I used to be a normal person. I used to look forward to weekends.
Now, I see weekends differently. They always come too soon and I always give a little sigh of relief when they are over. That's because Monday through Friday, I work: do research, read books, write stuff. Whether it's for school or for my fiction, it's enjoyable. On weekends, I do a lot of things I don't particularly enjoy. Clean the house. Drive all over the place. Shop at Costco. Drive all over the place. Try to fight the crowds at Fun Places we are taking the kids.
Don't get me wrong, the part I enjoy is spending time with the kids. But if we "do something" with them, beyond just crashing at my brother's house for the day, it's exhausting. For instance, yesterday we took them to a birthday party and to an aquarium and it took us FORTY MINUTES just to find a place to park the car. Circling and circling three levels of parking lot, with three crying kids in the car.
Can I just say: Oy.
I ranted in a previous post about deadlines, and I'm still a struggling to meet mine. So I'm up a 4 am this morning, at work again. I've reluctantly removed one story I had planned to include in the anthology, because I realized it needed to be re-written, not just edited. Too bad, because it was space opera and a had a happy ending. I've noticed that a lot of the short stories I write are kind of tragic. Or at least melancholy. That's funny, because my novels are usually upbeat, and I don't want the people who love tragedy to read my stories and then feel annoyed with my novels because they wanted more gloom, or people who are turned off by the sad endings of a few stories to not read the novels because they want HEAs.
I replaced the removed story with another story, that also has a happy ending, but it's not space opera. But it was already published somewhere so it doesn't need a lot of editing. The previous publisher seems to have gone out of business, so I am happy to bring this story back into print.

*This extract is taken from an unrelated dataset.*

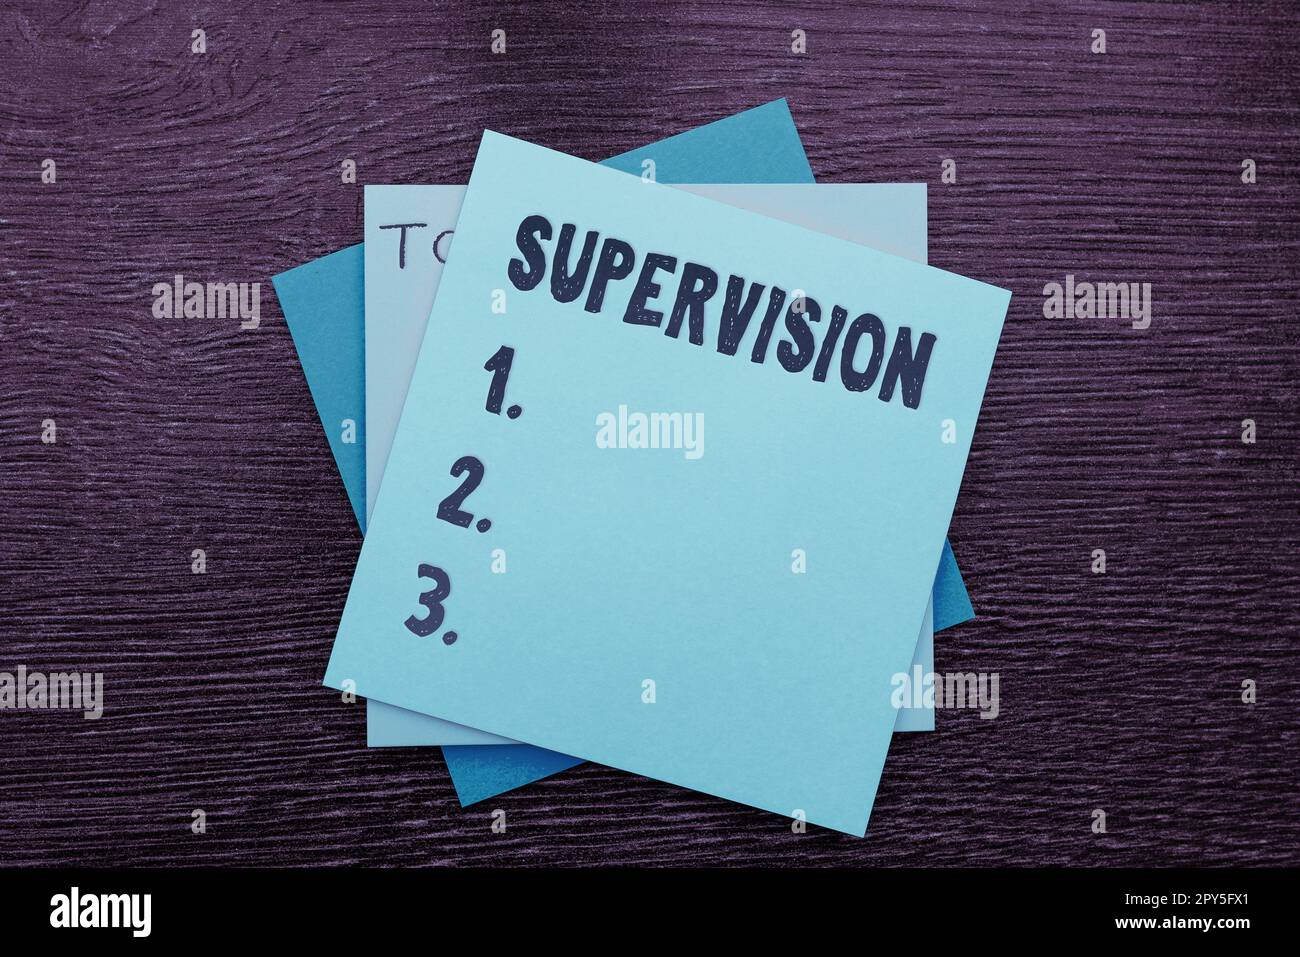 Sign displaying Supervision. Concept meaning monitoring and coordinating the plant operations Stock Photo

I'm also writing introductions to all of the stories. I like anthologies where the author shares a bit of the story behind the story; it's like reading fiction with a side of autobiography. In some of the introductions, I've shared rather personal stuff, and now it's making me nervous. I'm afraid maybe it's TMI. After all, it's NOT an autobiography. Maybe no one really wants to hear about how I was homeless that one time, or about how I tried and failed since I was nineteen to make it as a professional writer, or why I wasn't accepted into college, or all the other ways in which I've managed to screw up my life.
I've read some other introductions to stories in anthologies, and sometimes they are impersonal and upbeat, other times they are more autobiographical and mention more serious things.
Hmmmm. *deep thought* Gotta decide by Monday. I need to send this baby to the editor.